# prediction on the price of ammo?



## budgetprepp-n (Apr 7, 2013)

I'm in good shape far as ammo goes But I am wondering if I should top off my supply now or wait?
Will it go down or will our King come up with a way to make the price soar upwards? 
If a strong roomer of a stiff tax on ammo would cause panic buying and you know what that would do to the price.
Part of me thinks that I should wait and see if it comes down but the ******* in me asks can you over pay for 
something that might save your life if needed?
Wait and see if it comes down and risk it going up or disappearing?
Or buy now and at least have the piece of mind that I have it?

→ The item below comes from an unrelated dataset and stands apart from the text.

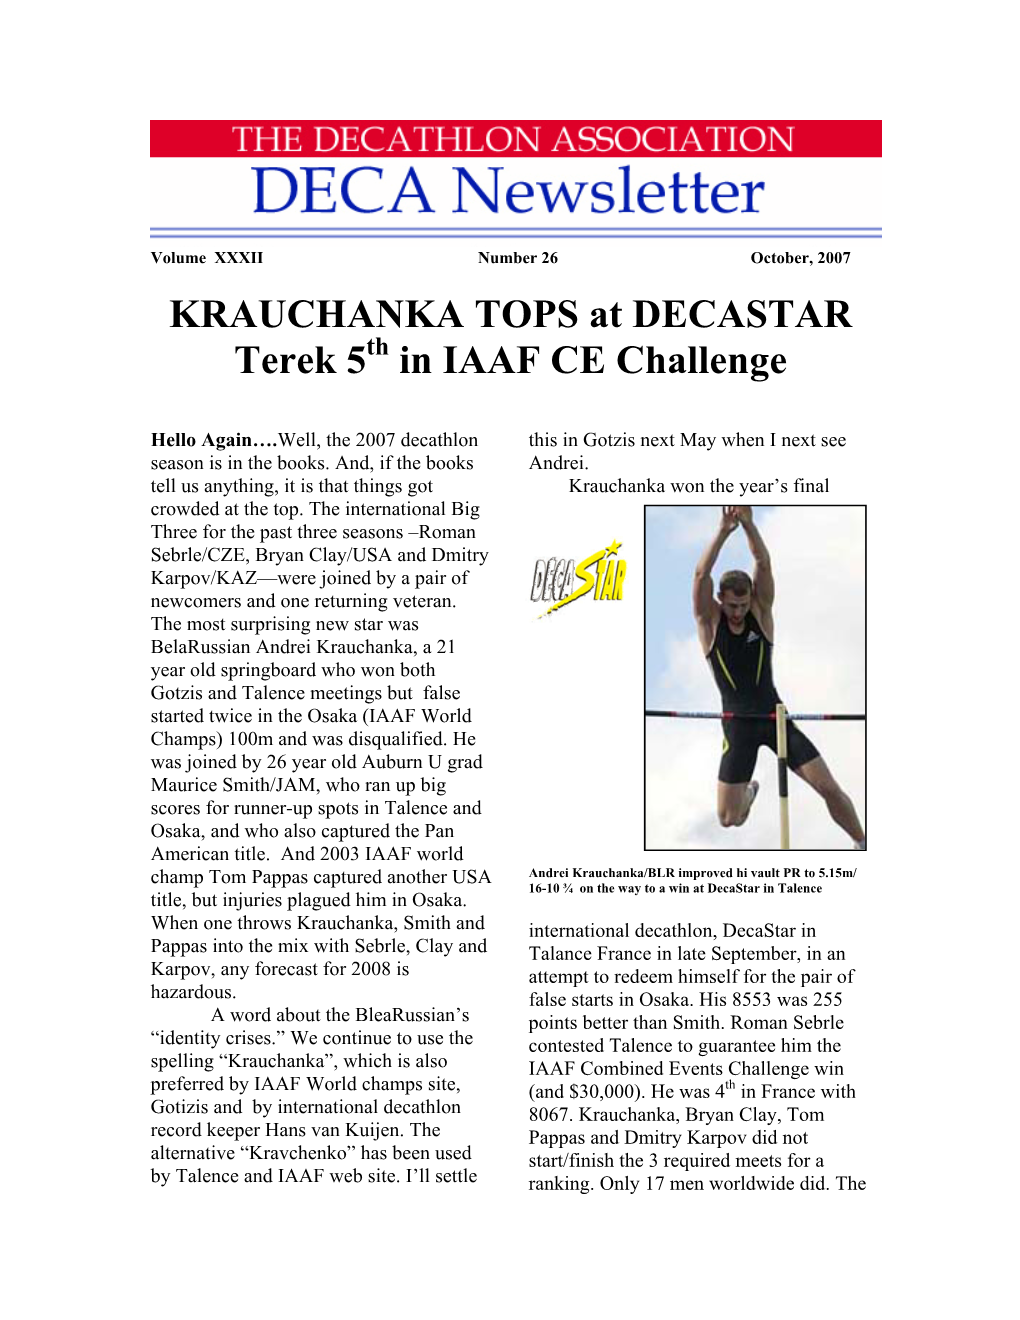 KRAUCHANKA TOPS at DECASTAR Terek 5 in IAAF CE Challenge

.................What is a life jacket worth when your treading water?


----------



## Nathan Jefferson (May 11, 2013)

I think there is still some more downside on most ammo - but some are starting to bottom out as low as they will probably go due to production costs. 

Pre-ban-panic but post Obama panic, 7.62x39 was just a hair under $200 per 1000 of cheap stuff, 5.56 m855 I was getting for $275ish if I remember correctly. Those are probably the basement prices we will ever see again. As those prices start to come back I will buy more regardless of need. I do think, barring any other scare, that prices will come down more but not much.


----------



## Arizona Infidel (Oct 5, 2013)

I buy when I have the money and find it. I haven't been shooting for quite awhile now because I haven't wanted to expend any. It sucks, but it is what it is I guess.


----------



## Just Sayin' (Dec 5, 2013)

Right now, in my part of Mississippi, .22's are the only thing that are not in stock and the rest of it, prices are slowly going down. Starting to see 5.56 @ about .36 cents on the internet consistently and I expect that it will get lower too. 

That being said, if you can afford more, I'd get more.


----------



## budgetprepp-n (Apr 7, 2013)

Arizona Infidel said:


> I buy when I have the money and find it. I haven't been shooting for quite awhile now because I haven't wanted to expend any. It sucks, but it is what it is I guess.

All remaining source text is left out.